:: Listed records ::

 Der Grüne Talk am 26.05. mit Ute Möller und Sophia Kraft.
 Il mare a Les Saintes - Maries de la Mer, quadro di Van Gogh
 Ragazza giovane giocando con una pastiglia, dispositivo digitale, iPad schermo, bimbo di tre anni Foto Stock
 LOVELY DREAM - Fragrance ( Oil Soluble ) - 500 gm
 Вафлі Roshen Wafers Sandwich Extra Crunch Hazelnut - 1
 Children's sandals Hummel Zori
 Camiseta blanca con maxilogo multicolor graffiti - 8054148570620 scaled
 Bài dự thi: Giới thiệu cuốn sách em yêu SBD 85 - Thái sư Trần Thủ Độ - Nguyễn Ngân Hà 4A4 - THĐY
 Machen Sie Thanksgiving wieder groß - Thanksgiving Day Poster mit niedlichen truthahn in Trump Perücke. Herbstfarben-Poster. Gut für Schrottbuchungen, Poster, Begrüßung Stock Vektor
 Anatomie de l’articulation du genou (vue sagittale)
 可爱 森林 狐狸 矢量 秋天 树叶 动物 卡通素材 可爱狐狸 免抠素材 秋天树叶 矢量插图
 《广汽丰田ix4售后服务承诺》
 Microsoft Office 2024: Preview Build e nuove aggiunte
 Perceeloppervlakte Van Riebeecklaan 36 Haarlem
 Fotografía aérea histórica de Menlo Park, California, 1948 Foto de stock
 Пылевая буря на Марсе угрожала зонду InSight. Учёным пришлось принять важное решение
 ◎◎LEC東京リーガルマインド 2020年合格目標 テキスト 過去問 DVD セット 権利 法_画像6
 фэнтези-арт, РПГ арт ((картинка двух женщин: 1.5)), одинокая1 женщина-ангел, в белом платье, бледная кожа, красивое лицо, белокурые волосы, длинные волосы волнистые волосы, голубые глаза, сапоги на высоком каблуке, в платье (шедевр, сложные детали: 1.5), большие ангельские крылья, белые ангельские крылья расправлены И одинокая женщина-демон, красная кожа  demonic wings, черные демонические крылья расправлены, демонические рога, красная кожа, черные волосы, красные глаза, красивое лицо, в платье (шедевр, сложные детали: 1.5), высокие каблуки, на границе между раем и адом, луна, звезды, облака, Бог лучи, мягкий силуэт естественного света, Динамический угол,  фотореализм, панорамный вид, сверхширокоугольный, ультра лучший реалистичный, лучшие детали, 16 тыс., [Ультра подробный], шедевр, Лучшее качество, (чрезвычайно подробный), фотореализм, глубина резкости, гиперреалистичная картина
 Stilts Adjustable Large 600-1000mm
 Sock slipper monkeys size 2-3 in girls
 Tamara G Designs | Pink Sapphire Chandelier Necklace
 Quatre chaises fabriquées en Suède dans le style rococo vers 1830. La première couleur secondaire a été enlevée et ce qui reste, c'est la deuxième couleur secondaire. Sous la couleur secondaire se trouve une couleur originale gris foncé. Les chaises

:::

:: Problem ::
Make an exact transcription of the entries.

:: Answer below ::
 Der Grüne Talk am 26.05. mit Ute Möller und Sophia Kraft.
 Il mare a Les Saintes - Maries de la Mer, quadro di Van Gogh
 Ragazza giovane giocando con una pastiglia, dispositivo digitale, iPad schermo, bimbo di tre anni Foto Stock
 LOVELY DREAM - Fragrance ( Oil Soluble ) - 500 gm
 Вафлі Roshen Wafers Sandwich Extra Crunch Hazelnut - 1
 Children's sandals Hummel Zori
 Camiseta blanca con maxilogo multicolor graffiti - 8054148570620 scaled
 Bài dự thi: Giới thiệu cuốn sách em yêu SBD 85 - Thái sư Trần Thủ Độ - Nguyễn Ngân Hà 4A4 - THĐY
 Machen Sie Thanksgiving wieder groß - Thanksgiving Day Poster mit niedlichen truthahn in Trump Perücke. Herbstfarben-Poster. Gut für Schrottbuchungen, Poster, Begrüßung Stock Vektor
 Anatomie de l’articulation du genou (vue sagittale)
 可爱 森林 狐狸 矢量 秋天 树叶 动物 卡通素材 可爱狐狸 免抠素材 秋天树叶 矢量插图
 《广汽丰田ix4售后服务承诺》
 Microsoft Office 2024: Preview Build e nuove aggiunte
 Perceeloppervlakte Van Riebeecklaan 36 Haarlem
 Fotografía aérea histórica de Menlo Park, California, 1948 Foto de stock
 Пылевая буря на Марсе угрожала зонду InSight. Учёным пришлось принять важное решение
 ◎◎LEC東京リーガルマインド 2020年合格目標 テキスト 過去問 DVD セット 権利 法_画像6
 фэнтези-арт, РПГ арт ((картинка двух женщин: 1.5)), одинокая1 женщина-ангел, в белом платье, бледная кожа, красивое лицо, белокурые волосы, длинные волосы волнистые волосы, голубые глаза, сапоги на высоком каблуке, в платье (шедевр, сложные детали: 1.5), большие ангельские крылья, белые ангельские крылья расправлены И одинокая женщина-демон, красная кожа  demonic wings, черные демонические крылья расправлены, демонические рога, красная кожа, черные волосы, красные глаза, красивое лицо, в платье (шедевр, сложные детали: 1.5), высокие каблуки, на границе между раем и адом, луна, звезды, облака, Бог лучи, мягкий силуэт естественного света, Динамический угол,  фотореализм, панорамный вид, сверхширокоугольный, ультра лучший реалистичный, лучшие детали, 16 тыс., [Ультра подробный], шедевр, Лучшее качество, (чрезвычайно подробный), фотореализм, глубина резкости, гиперреалистичная картина
 Stilts Adjustable Large 600-1000mm
 Sock slipper monkeys size 2-3 in girls
 Tamara G Designs | Pink Sapphire Chandelier Necklace
 Quatre chaises fabriquées en Suède dans le style rococo vers 1830. La première couleur secondaire a été enlevée et ce qui reste, c'est la deuxième couleur secondaire. Sous la couleur secondaire se trouve une couleur originale gris foncé. Les chaises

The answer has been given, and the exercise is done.